Linked-read sequencing (10X Genomics or TELL-Seq) generates synthetic long reads which are useful for the detection and analysis of structural variants (SVs). The software associated with linked-read sequencing, Long Ranger, generates the essential output files (BAM, VCF, SV BEDPE) necessary for downstream analyses. However, to perform downstream analyses requires the user to customize their own tools to handle the unique features of linked-read sequencing data. Gemtools is a collection of tools for the downstream and in-depth analysis of SVs from linked-read data. Gemtools uses the barcoded aligned reads and the Megabase-scale phase blocks to determine haplotypes of SV breakpoints and delineate complex breakpoint configurations at the resolution of single DNA molecules. The gemtools package is a suite of tools that provides the user with the flexibility to perform basic functions on their linked-read sequencing output in order to address even more questions.
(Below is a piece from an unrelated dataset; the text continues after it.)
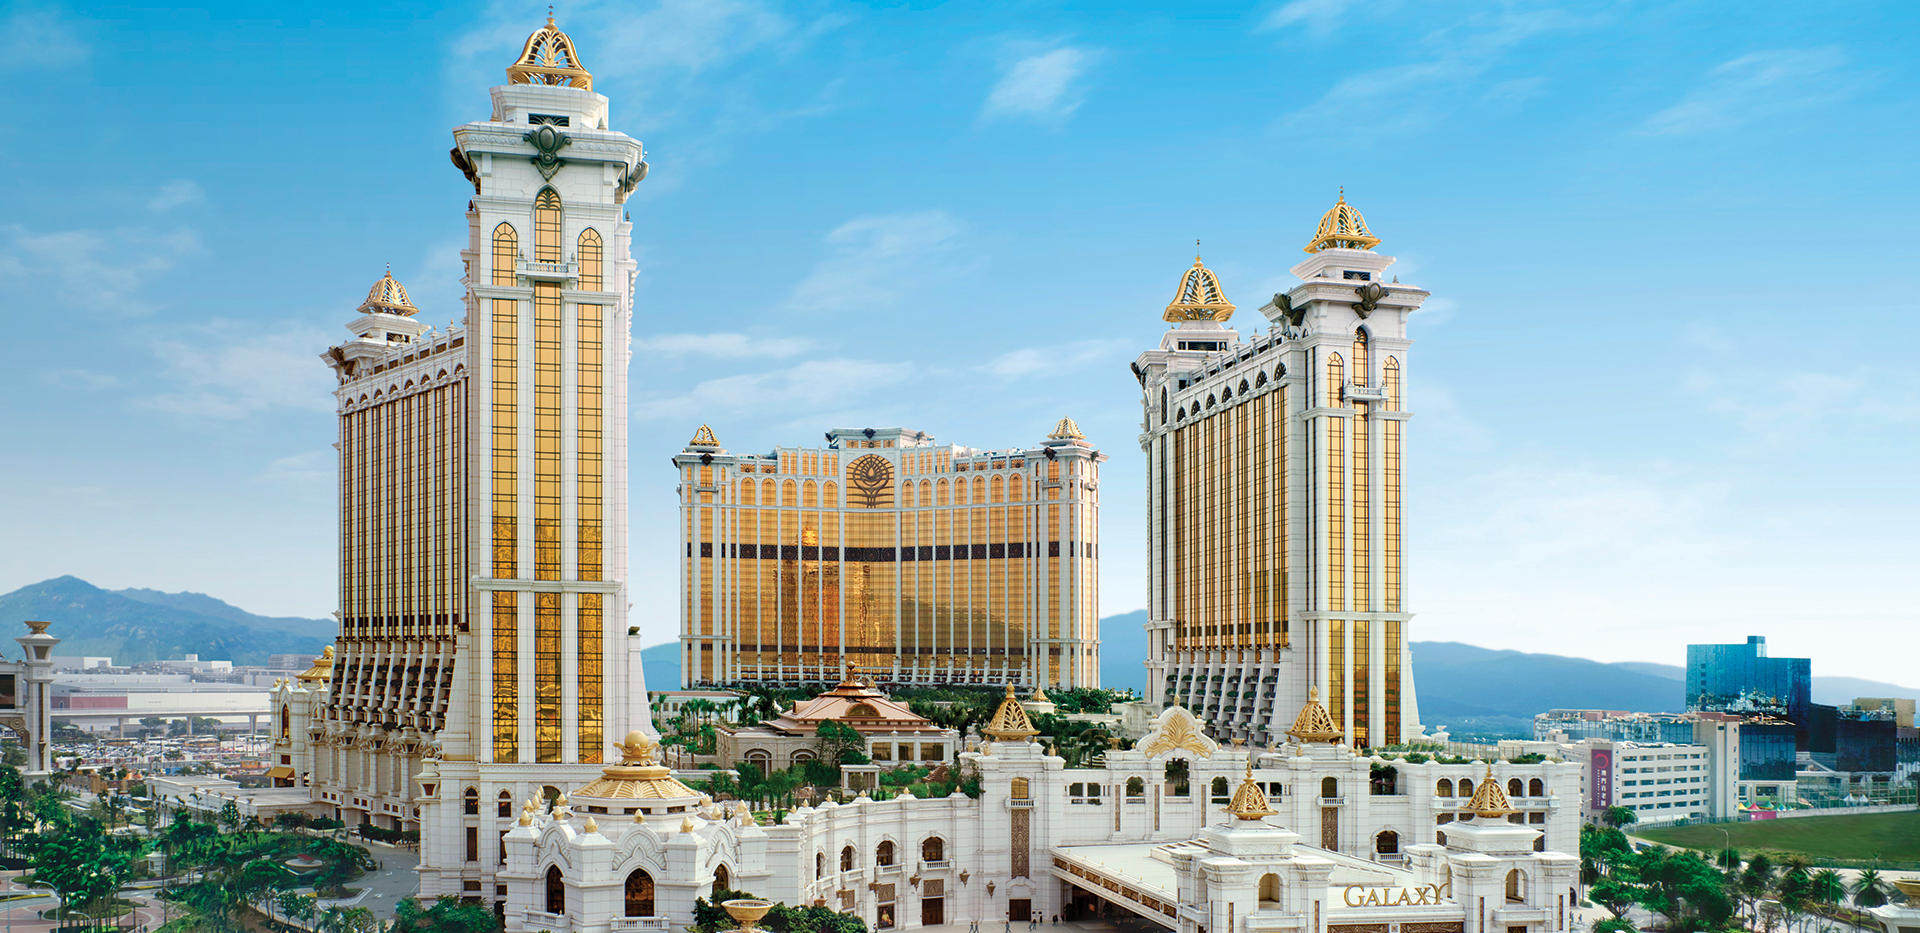 Galaxy Macau is one of the 22 top-rated hotels in Macau, according to the Forbes Travel Guide 2023. Photo: Galaxy Macau

Figure 1. Gemtools analysis of three SV events in the HCC1954 genome.

(A) The initial input for the gemtools SV analysis is a list of SVs in BEDPE format; here, three SV events (two deletions and one duplication) located within ∼2.2 Mb on chromosome 9.

(B) The genomic mapping locations of reads associated with SV-spanning barcodes for each event are plotted, where each row of the plot represents a unique barcode.

(C) Each of the two breakpoints for each of the three SV events is assigned to a haplotype generated by Long Ranger. Here, all of the SV breakpoints were assigned to the same Long Ranger phase block, denoted by the phase id. For all breakpoints, more SV-spanning barcodes were assigned to haplotype 2 compared with haplotype 1, supporting that all of the SV events occur in cis on haplotype 2 of phase block 123859090

Figure from (Greer & Ji, 2019) by permission of Oxford University Press.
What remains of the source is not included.